Saturday, September 16, 2006

Pope and the defence of reason (September 17, 2006)

By Swapan Dasgupta

At the height of the war in Lebanon two months ago, an assortment of Arabs, British Muslims, radical socialists and bleeding heart liberals marched through the streets of London with placards proclaiming “We are all Hezbollah.” Since Pope Benedict XVI delivered his scholarly but contentious lecture in Regensburg last Wednesday, an equally unlikely assortment of individuals bound by a common distaste for Islamist terrorism have been whispering the counter-proclamation: “We are all Papists now.”

Before rushing to take rival positions in the trench warfare of civilisations, it is prudent to remember that the contemporary Islamist assault on the “decadent” West, epitomised by “American imperialism”, has long enjoyed the backing of influential Muslim theologians. This is perhaps the first time that the philosophical gulf between Islam and western civilisation has been delineated by someone who wields authority in the Christian world.

Pope Benedict, unlike many of his colleagues in Rome, has not succumbed to either the pretensions of Christian universalism or the mumbo jumbo of inter-faith dialogue. He has rightly viewed both Christianity and the Catholic Church as load-bearing pillars of Western civilisation. He has disavowed the growing secularisation of national cultures and, by implication, called into question the moral relativism which accompanies the practice of multiculturalism in the EU.

In an article “If Europe Hates Itself” written when he was still Cardinal Ratzinger, the Pope despaired about Europe’s growing inability to distinguish good from evil: “The West reveals … a hatred of itself, which is strange and can only be considered pathological; the West … no longer loves itself; in its own history, it now sees only what is deplorable and destructive, while it is no longer able to perceive what is great and pure.” In November 2004, he despaired that secular ideology which is “imposed through politics… does not give public space to the Catholic or Christian vision (and) runs the risk of becoming something purely private and thus disfigured.”

The Regensburg lecture amounted to a Christian critique of the violence that is inherent in political Islam. However, rather than fall back on the politically expedient and customary detachment of Islamism from Islam, the Pope chose to distinguish between Christianity’s reason-based European underpinnings and Islam’s faith-based traditions centred also on literal acceptance of its texts. By implication, his lecture was also an attack on some of the more aggressively evangelical churches found in the US and would have been treated as such if the references to the Byzantine experience had been omitted. In arguing that violence was at odds with reason, the Pope was also tacitly repudiating some of Christianity’s bloody inheritance, but this aspect of his lecture has been overshadowed by the furore over Islamic certitudes.
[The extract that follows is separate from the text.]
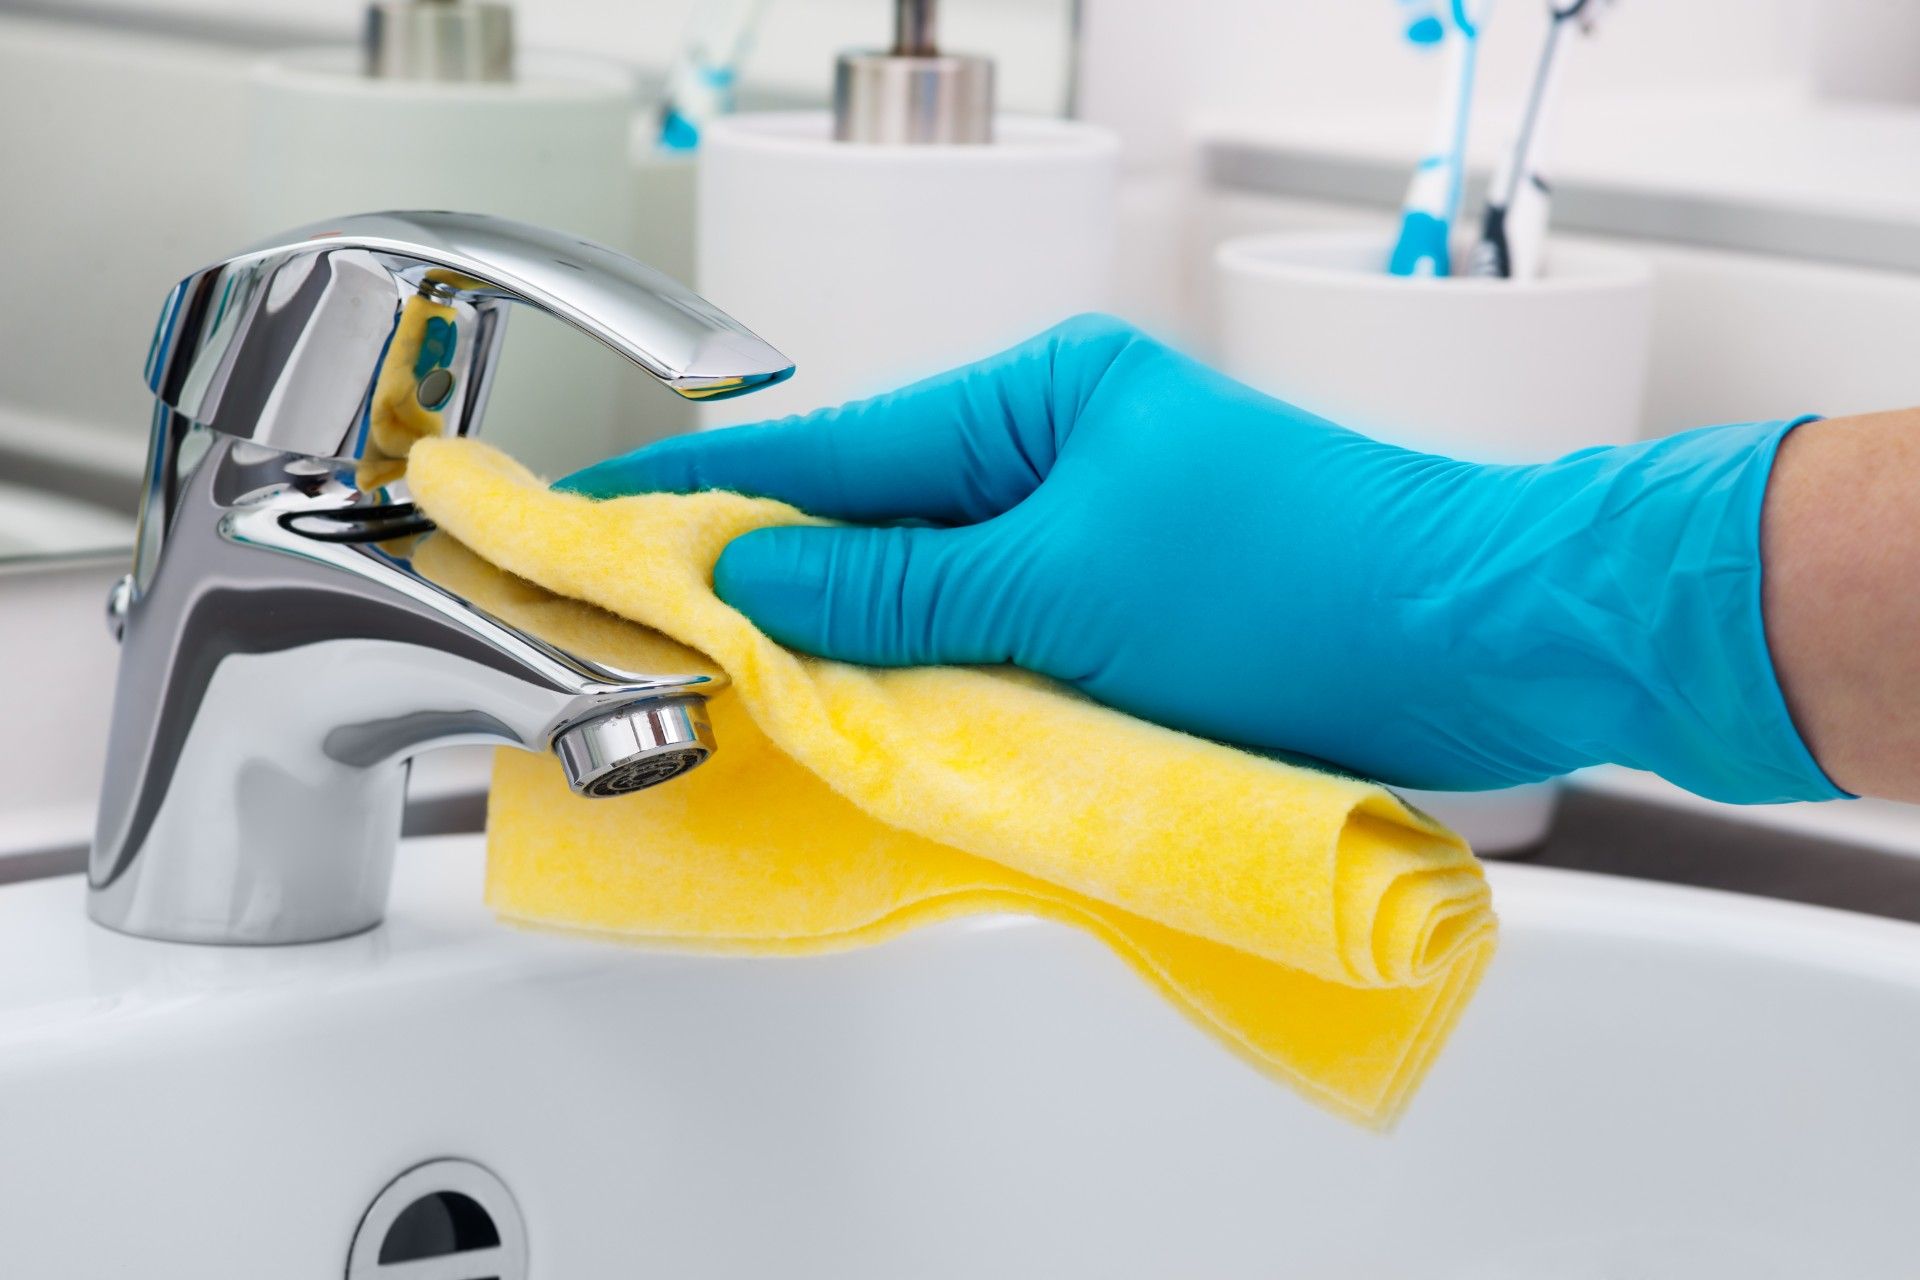 Person wearing a blue rubber glove, cleaning a bathroom sink faucet with a yellow cloth

What the Pope argued last week is not strikingly original. Many of the contemporary critiques of Islam have dwelt at length on the fact that the apparent finality of the Quran has made it difficult for Islam to experience a Reformation. What is also undeniable is that whereas the claims of Islam to be a religion of peace have been unceasingly made, almost all the Islamists have justified their terrorism in terms of religious obligation. Heinous crimes have been committed and justified in the name of religion. Concern has also been voiced that the tenets of brotherhood in Islam do not always extend to non-believers, making them incompatible with multi-religious existence.

These are issue which warrant dispassionate debate and dialogue. The Pope may have been injudicious in citing a 14th century assessment by a Byzantine emperor but the questions he has raised are relevant both in theological and political terms. What is alarming is the fierce reaction to his lecture. They suggest that any debate on Islam based on critical scrutiny is bound to be accompanied by threats and intimidation. Far from encouraging sympathetic understanding of Muslim societies, this climate of intolerance is certain to fuel Islamophobia.

Political correctness necessitates debunking the clash of civilisations but realities on the ground are beginning to suggest otherwise.